Your task
Output the records exactly, every one of them.

Excerpts from a dataset
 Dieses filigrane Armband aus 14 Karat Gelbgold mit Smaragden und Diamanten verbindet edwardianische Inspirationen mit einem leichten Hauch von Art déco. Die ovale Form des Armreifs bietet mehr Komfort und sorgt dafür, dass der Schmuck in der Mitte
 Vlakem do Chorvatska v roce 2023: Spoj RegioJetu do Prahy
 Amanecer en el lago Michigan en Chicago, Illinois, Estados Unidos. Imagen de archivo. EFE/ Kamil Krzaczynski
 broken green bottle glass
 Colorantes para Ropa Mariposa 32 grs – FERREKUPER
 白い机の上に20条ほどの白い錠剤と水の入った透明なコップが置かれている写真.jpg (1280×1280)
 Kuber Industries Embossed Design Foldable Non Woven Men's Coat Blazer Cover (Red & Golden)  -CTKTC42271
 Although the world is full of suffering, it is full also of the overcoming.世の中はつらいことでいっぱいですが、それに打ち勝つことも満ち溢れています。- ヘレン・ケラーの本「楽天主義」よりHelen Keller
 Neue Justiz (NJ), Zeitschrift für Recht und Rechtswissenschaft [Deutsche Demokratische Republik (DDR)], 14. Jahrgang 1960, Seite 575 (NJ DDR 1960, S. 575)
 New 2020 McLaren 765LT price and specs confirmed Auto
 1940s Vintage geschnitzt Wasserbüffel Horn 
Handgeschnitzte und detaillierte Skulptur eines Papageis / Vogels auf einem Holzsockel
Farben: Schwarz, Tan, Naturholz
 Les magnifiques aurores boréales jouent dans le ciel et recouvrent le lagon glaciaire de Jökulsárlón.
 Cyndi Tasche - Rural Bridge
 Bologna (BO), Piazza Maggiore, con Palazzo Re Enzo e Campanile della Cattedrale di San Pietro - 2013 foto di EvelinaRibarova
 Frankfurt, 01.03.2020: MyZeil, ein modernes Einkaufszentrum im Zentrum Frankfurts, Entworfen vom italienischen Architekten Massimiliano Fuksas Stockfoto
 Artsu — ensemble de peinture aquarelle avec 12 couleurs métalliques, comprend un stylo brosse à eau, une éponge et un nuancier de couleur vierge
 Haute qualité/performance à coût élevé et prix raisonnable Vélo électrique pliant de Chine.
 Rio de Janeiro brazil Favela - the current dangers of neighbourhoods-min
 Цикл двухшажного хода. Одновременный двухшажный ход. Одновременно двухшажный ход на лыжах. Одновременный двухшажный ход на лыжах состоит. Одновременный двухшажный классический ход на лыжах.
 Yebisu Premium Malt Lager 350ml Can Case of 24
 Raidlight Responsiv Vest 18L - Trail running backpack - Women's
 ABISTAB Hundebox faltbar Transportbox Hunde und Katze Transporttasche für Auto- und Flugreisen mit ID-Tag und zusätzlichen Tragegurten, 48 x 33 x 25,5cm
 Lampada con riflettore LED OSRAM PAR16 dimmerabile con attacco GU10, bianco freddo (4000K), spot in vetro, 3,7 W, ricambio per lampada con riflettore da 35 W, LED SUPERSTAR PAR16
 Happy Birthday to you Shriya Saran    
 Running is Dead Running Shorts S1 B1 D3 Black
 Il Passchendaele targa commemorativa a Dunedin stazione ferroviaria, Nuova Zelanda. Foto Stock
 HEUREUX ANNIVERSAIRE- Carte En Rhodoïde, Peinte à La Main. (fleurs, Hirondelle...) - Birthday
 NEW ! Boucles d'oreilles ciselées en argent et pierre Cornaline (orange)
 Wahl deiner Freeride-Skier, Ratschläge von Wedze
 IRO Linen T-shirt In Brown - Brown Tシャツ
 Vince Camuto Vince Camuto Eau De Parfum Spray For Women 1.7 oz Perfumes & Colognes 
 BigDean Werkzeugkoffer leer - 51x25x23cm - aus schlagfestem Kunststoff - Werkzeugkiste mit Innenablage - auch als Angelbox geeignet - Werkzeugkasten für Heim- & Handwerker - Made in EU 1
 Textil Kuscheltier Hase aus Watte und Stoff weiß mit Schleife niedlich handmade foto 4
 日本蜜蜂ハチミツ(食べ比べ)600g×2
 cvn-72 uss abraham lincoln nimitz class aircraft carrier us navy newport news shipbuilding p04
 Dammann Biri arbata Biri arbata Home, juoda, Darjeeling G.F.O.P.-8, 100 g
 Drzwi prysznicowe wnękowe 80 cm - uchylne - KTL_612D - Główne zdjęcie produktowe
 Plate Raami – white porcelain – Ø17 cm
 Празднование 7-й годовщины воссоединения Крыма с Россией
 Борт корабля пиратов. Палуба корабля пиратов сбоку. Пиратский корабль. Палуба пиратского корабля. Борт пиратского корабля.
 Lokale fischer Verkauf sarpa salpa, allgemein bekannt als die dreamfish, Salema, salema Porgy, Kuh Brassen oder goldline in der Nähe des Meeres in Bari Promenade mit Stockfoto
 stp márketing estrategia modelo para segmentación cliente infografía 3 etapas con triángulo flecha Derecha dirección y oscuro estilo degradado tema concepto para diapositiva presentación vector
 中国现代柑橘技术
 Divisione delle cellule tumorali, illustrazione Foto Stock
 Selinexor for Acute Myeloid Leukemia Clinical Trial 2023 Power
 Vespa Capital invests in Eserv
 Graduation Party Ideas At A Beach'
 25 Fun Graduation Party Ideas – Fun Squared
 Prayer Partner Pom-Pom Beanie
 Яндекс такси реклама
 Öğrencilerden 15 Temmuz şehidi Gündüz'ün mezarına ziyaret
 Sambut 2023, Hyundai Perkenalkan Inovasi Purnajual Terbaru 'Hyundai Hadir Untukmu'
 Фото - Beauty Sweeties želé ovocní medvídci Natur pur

Output
 Dieses filigrane Armband aus 14 Karat Gelbgold mit Smaragden und Diamanten verbindet edwardianische Inspirationen mit einem leichten Hauch von Art déco. Die ovale Form des Armreifs bietet mehr Komfort und sorgt dafür, dass der Schmuck in der Mitte
 Vlakem do Chorvatska v roce 2023: Spoj RegioJetu do Prahy
 Amanecer en el lago Michigan en Chicago, Illinois, Estados Unidos. Imagen de archivo. EFE/ Kamil Krzaczynski
 broken green bottle glass
 Colorantes para Ropa Mariposa 32 grs – FERREKUPER
 白い机の上に20条ほどの白い錠剤と水の入った透明なコップが置かれている写真.jpg (1280×1280)
 Kuber Industries Embossed Design Foldable Non Woven Men's Coat Blazer Cover (Red & Golden)  -CTKTC42271
 Although the world is full of suffering, it is full also of the overcoming.世の中はつらいことでいっぱいですが、それに打ち勝つことも満ち溢れています。- ヘレン・ケラーの本「楽天主義」よりHelen Keller
 Neue Justiz (NJ), Zeitschrift für Recht und Rechtswissenschaft [Deutsche Demokratische Republik (DDR)], 14. Jahrgang 1960, Seite 575 (NJ DDR 1960, S. 575)
 New 2020 McLaren 765LT price and specs confirmed Auto
 1940s Vintage geschnitzt Wasserbüffel Horn 
Handgeschnitzte und detaillierte Skulptur eines Papageis / Vogels auf einem Holzsockel
Farben: Schwarz, Tan, Naturholz
 Les magnifiques aurores boréales jouent dans le ciel et recouvrent le lagon glaciaire de Jökulsárlón.
 Cyndi Tasche - Rural Bridge
 Bologna (BO), Piazza Maggiore, con Palazzo Re Enzo e Campanile della Cattedrale di San Pietro - 2013 foto di EvelinaRibarova
 Frankfurt, 01.03.2020: MyZeil, ein modernes Einkaufszentrum im Zentrum Frankfurts, Entworfen vom italienischen Architekten Massimiliano Fuksas Stockfoto
 Artsu — ensemble de peinture aquarelle avec 12 couleurs métalliques, comprend un stylo brosse à eau, une éponge et un nuancier de couleur vierge
 Haute qualité/performance à coût élevé et prix raisonnable Vélo électrique pliant de Chine.
 Rio de Janeiro brazil Favela - the current dangers of neighbourhoods-min
 Цикл двухшажного хода. Одновременный двухшажный ход. Одновременно двухшажный ход на лыжах. Одновременный двухшажный ход на лыжах состоит. Одновременный двухшажный классический ход на лыжах.
 Yebisu Premium Malt Lager 350ml Can Case of 24
 Raidlight Responsiv Vest 18L - Trail running backpack - Women's
 ABISTAB Hundebox faltbar Transportbox Hunde und Katze Transporttasche für Auto- und Flugreisen mit ID-Tag und zusätzlichen Tragegurten, 48 x 33 x 25,5cm
 Lampada con riflettore LED OSRAM PAR16 dimmerabile con attacco GU10, bianco freddo (4000K), spot in vetro, 3,7 W, ricambio per lampada con riflettore da 35 W, LED SUPERSTAR PAR16
 Happy Birthday to you Shriya Saran    
 Running is Dead Running Shorts S1 B1 D3 Black
 Il Passchendaele targa commemorativa a Dunedin stazione ferroviaria, Nuova Zelanda. Foto Stock
 HEUREUX ANNIVERSAIRE- Carte En Rhodoïde, Peinte à La Main. (fleurs, Hirondelle...) - Birthday
 NEW ! Boucles d'oreilles ciselées en argent et pierre Cornaline (orange)
 Wahl deiner Freeride-Skier, Ratschläge von Wedze
 IRO Linen T-shirt In Brown - Brown Tシャツ
 Vince Camuto Vince Camuto Eau De Parfum Spray For Women 1.7 oz Perfumes & Colognes 
 BigDean Werkzeugkoffer leer - 51x25x23cm - aus schlagfestem Kunststoff - Werkzeugkiste mit Innenablage - auch als Angelbox geeignet - Werkzeugkasten für Heim- & Handwerker - Made in EU 1
 Textil Kuscheltier Hase aus Watte und Stoff weiß mit Schleife niedlich handmade foto 4
 日本蜜蜂ハチミツ(食べ比べ)600g×2
 cvn-72 uss abraham lincoln nimitz class aircraft carrier us navy newport news shipbuilding p04
 Dammann Biri arbata Biri arbata Home, juoda, Darjeeling G.F.O.P.-8, 100 g
 Drzwi prysznicowe wnękowe 80 cm - uchylne - KTL_612D - Główne zdjęcie produktowe
 Plate Raami – white porcelain – Ø17 cm
 Празднование 7-й годовщины воссоединения Крыма с Россией
 Борт корабля пиратов. Палуба корабля пиратов сбоку. Пиратский корабль. Палуба пиратского корабля. Борт пиратского корабля.
 Lokale fischer Verkauf sarpa salpa, allgemein bekannt als die dreamfish, Salema, salema Porgy, Kuh Brassen oder goldline in der Nähe des Meeres in Bari Promenade mit Stockfoto
 stp márketing estrategia modelo para segmentación cliente infografía 3 etapas con triángulo flecha Derecha dirección y oscuro estilo degradado tema concepto para diapositiva presentación vector
 中国现代柑橘技术
 Divisione delle cellule tumorali, illustrazione Foto Stock
 Selinexor for Acute Myeloid Leukemia Clinical Trial 2023 Power
 Vespa Capital invests in Eserv
 Graduation Party Ideas At A Beach'
 25 Fun Graduation Party Ideas – Fun Squared
 Prayer Partner Pom-Pom Beanie
 Яндекс такси реклама
 Öğrencilerden 15 Temmuz şehidi Gündüz'ün mezarına ziyaret
 Sambut 2023, Hyundai Perkenalkan Inovasi Purnajual Terbaru 'Hyundai Hadir Untukmu'
 Фото - Beauty Sweeties želé ovocní medvídci Natur pur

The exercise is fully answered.